*** INFORMATION SHOWN Section Begins ***

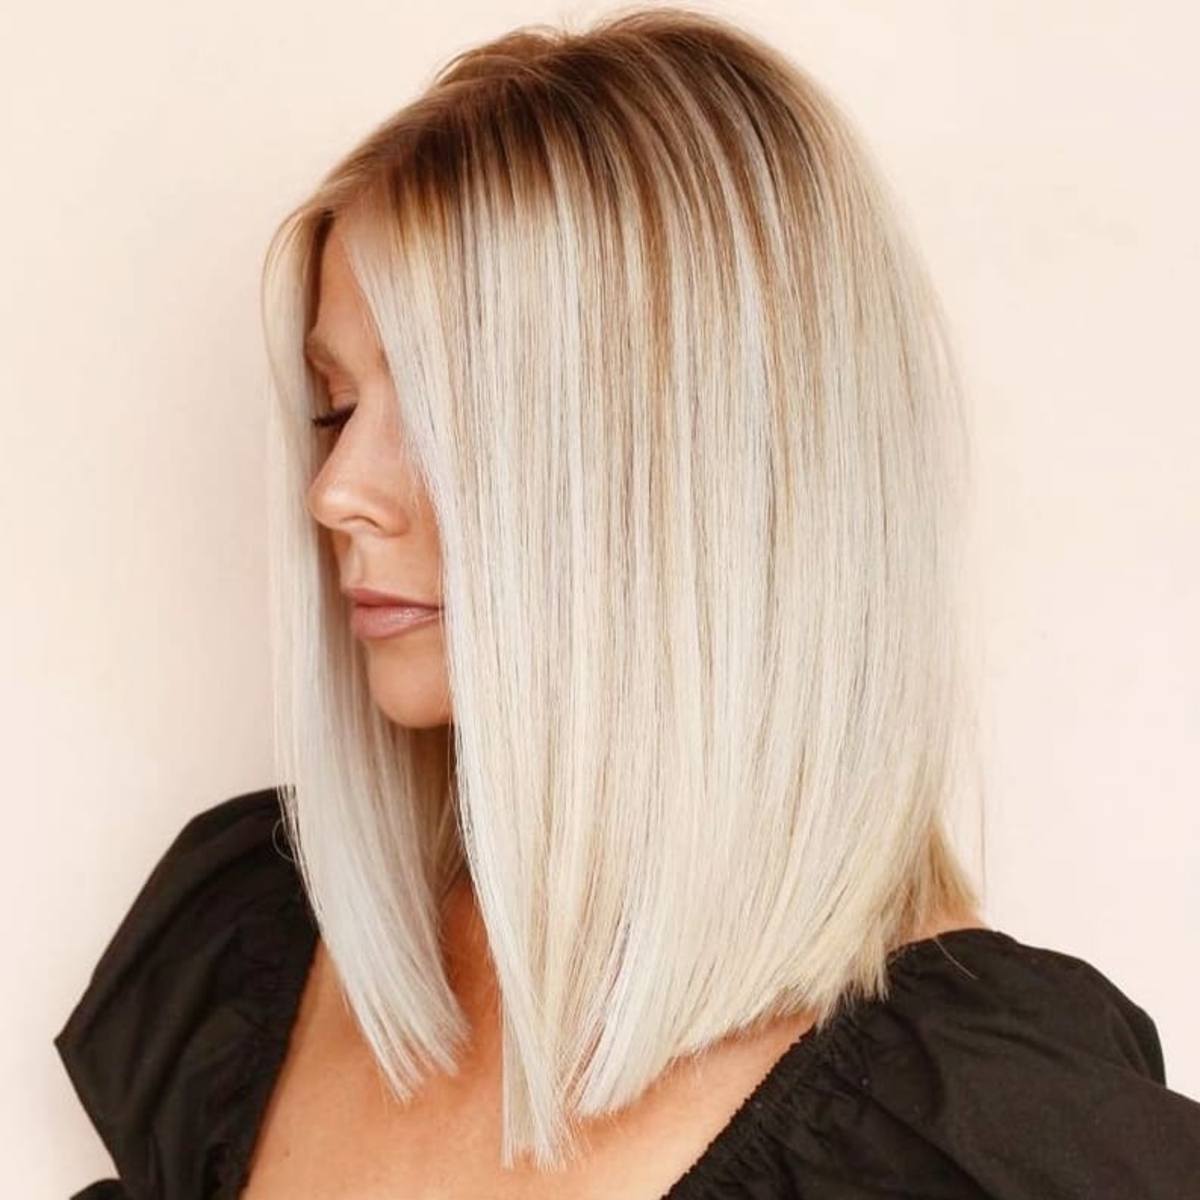 Lob on straight blonde hair with dark roots
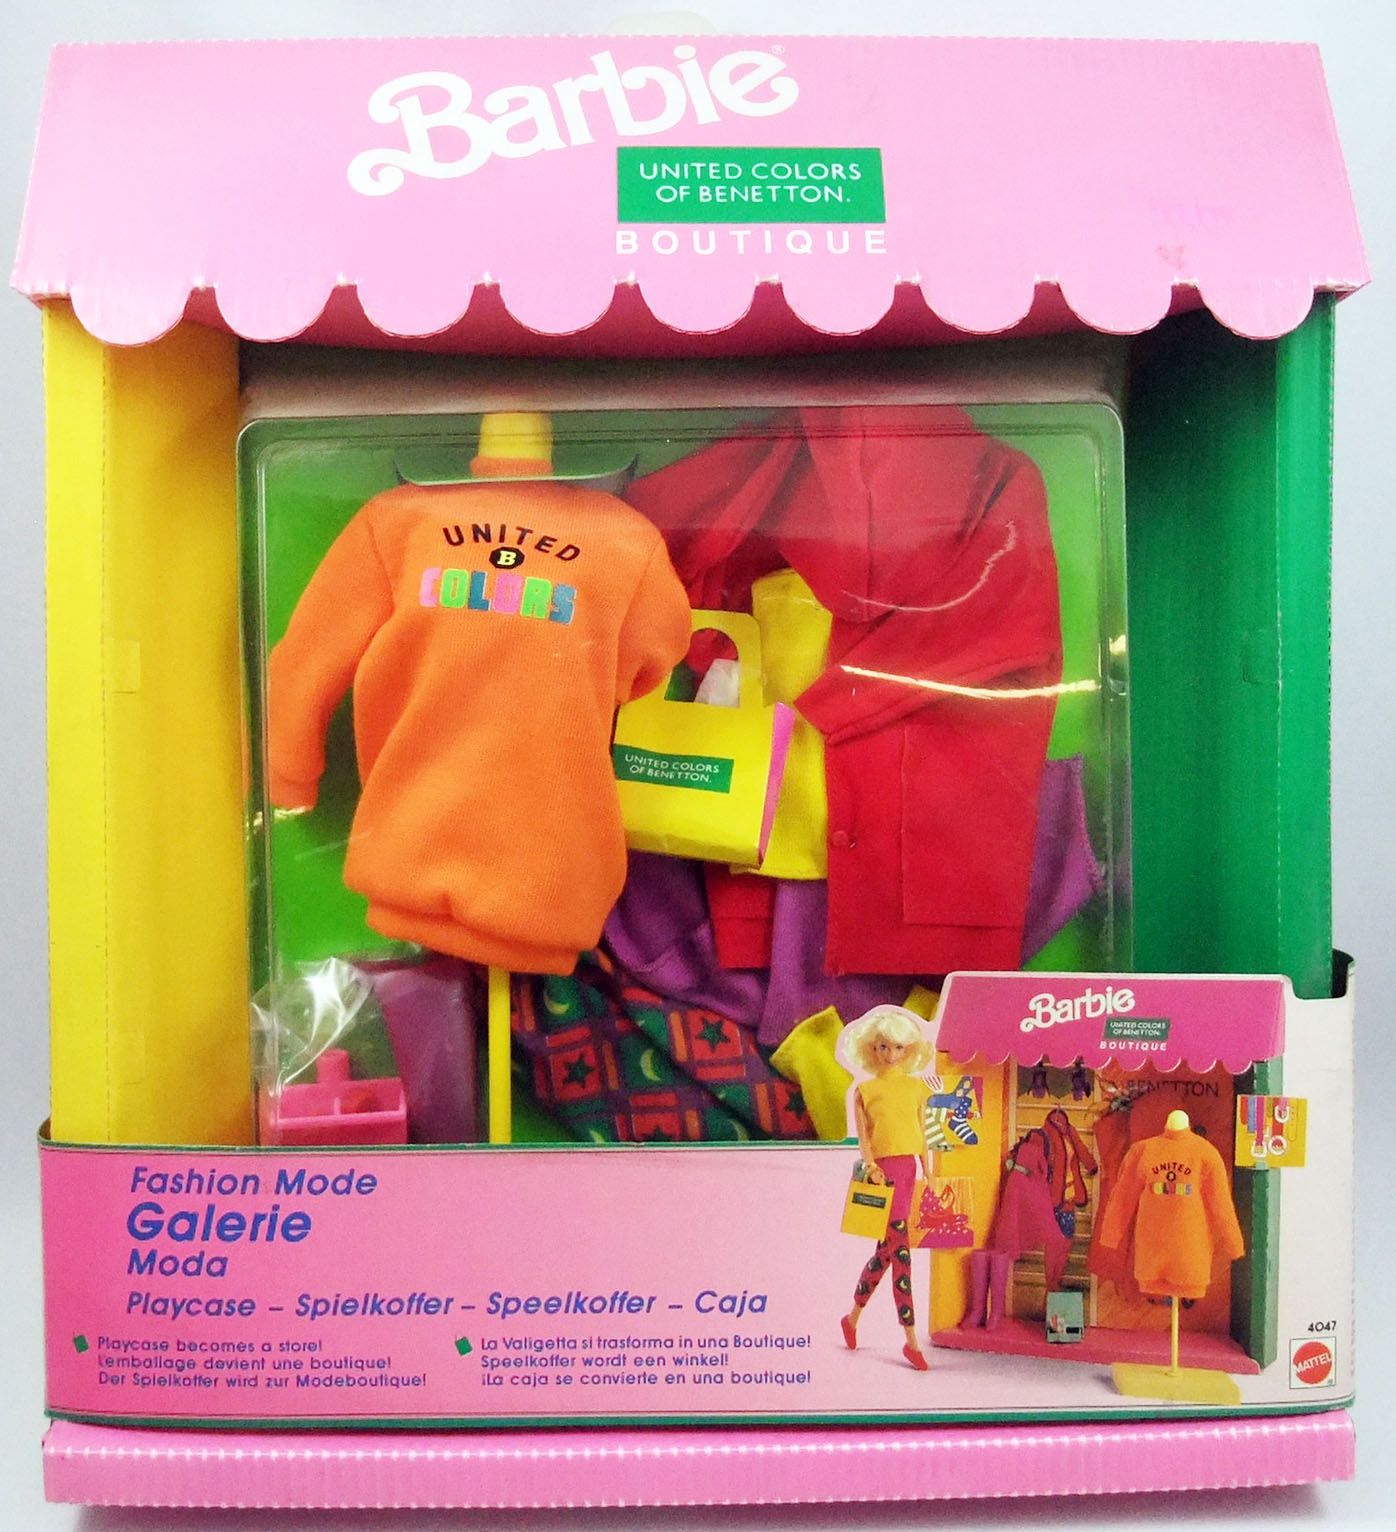 - Fashions Galerie - United Colors of Benetton Mattel 1991
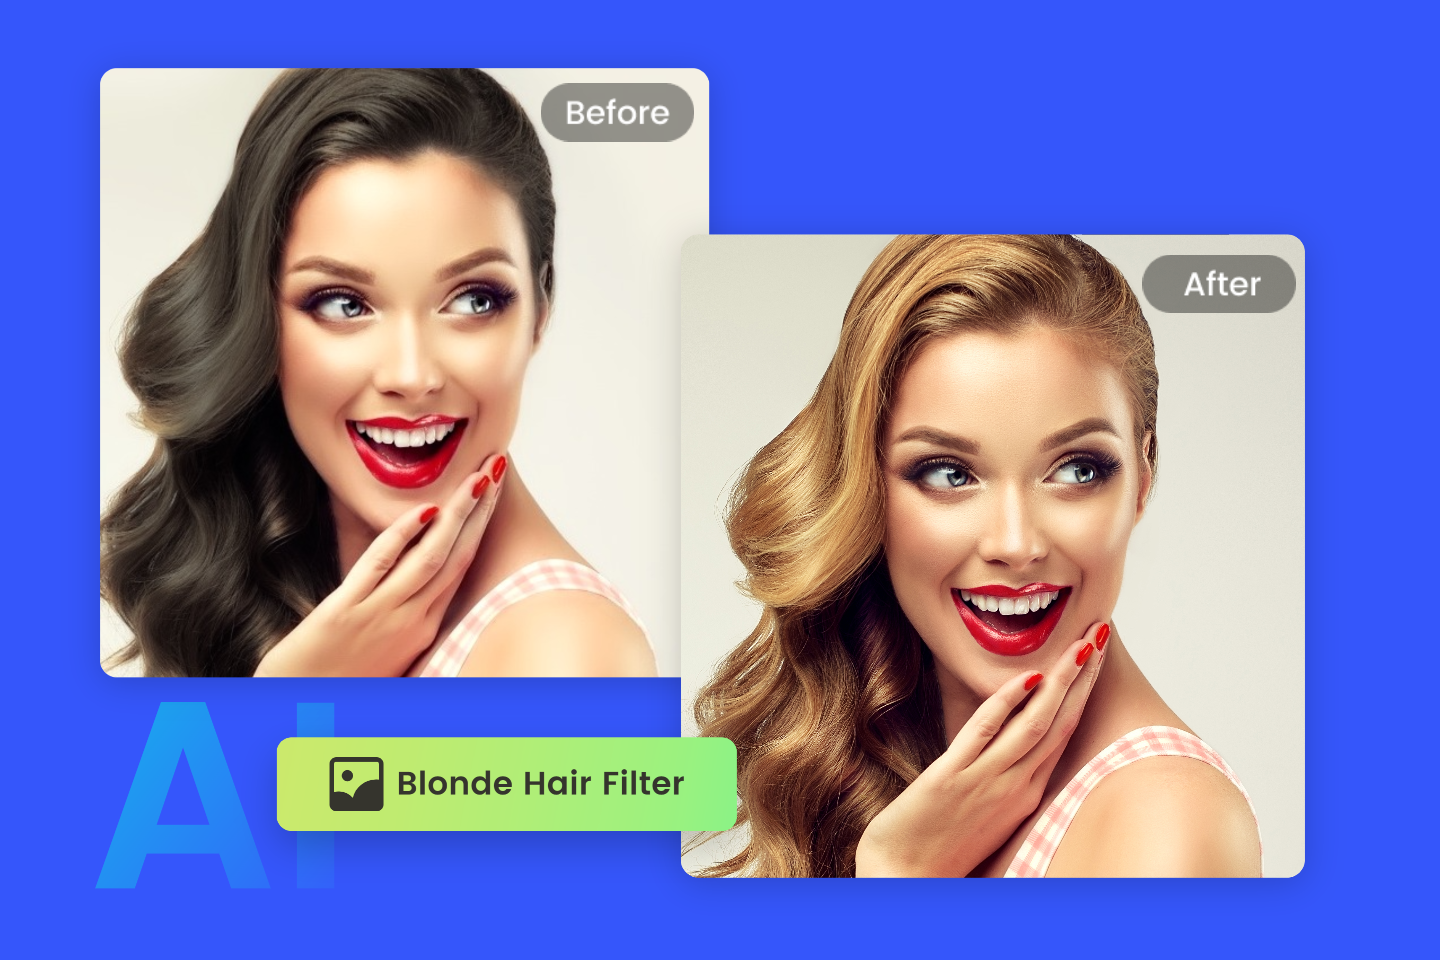 Blonde Hair Filter: Virtual Hair Color Try on for Blonde Hair
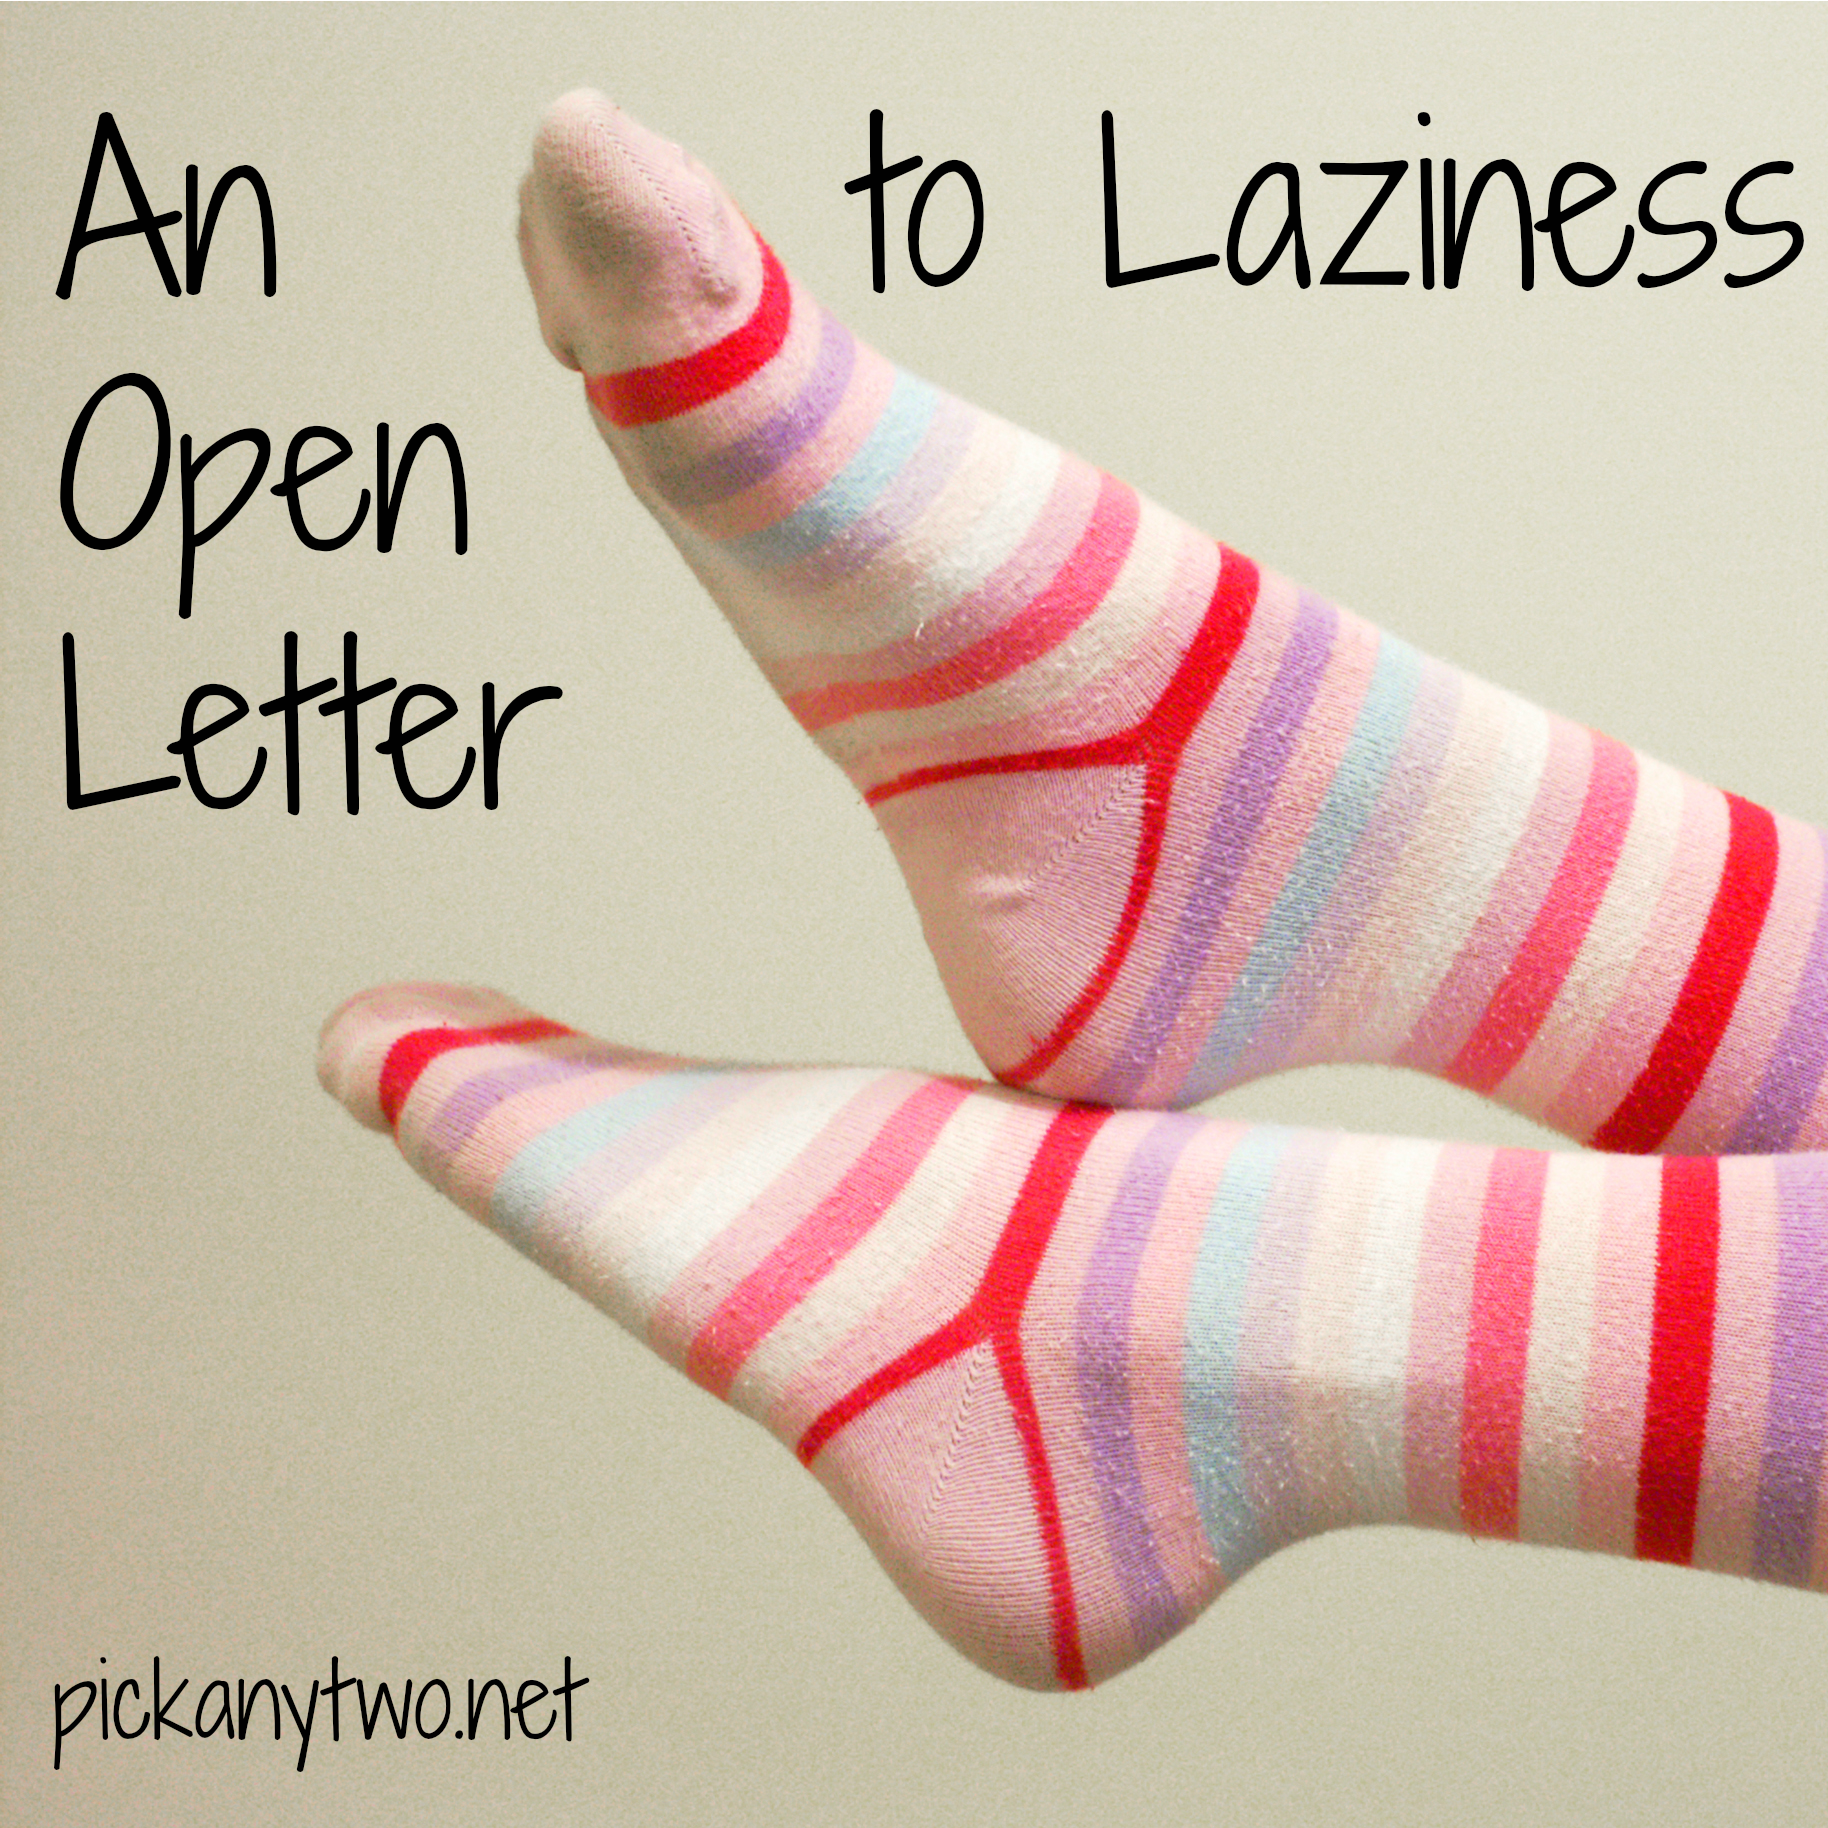 An Open Letter to Laziness

*** INFORMATION SHOWN Section Ends ***

WHAT THE EXERCISE ASKS: All lines from the one containing "Blonde Hair Filter: Virtual" to the last line of the data above, both included, should be printed exactly, and the pictures should not appear.

THE ANSWER:
 Blonde Hair Filter: Virtual Hair Color Try on for Blonde Hair
 An Open Letter to Laziness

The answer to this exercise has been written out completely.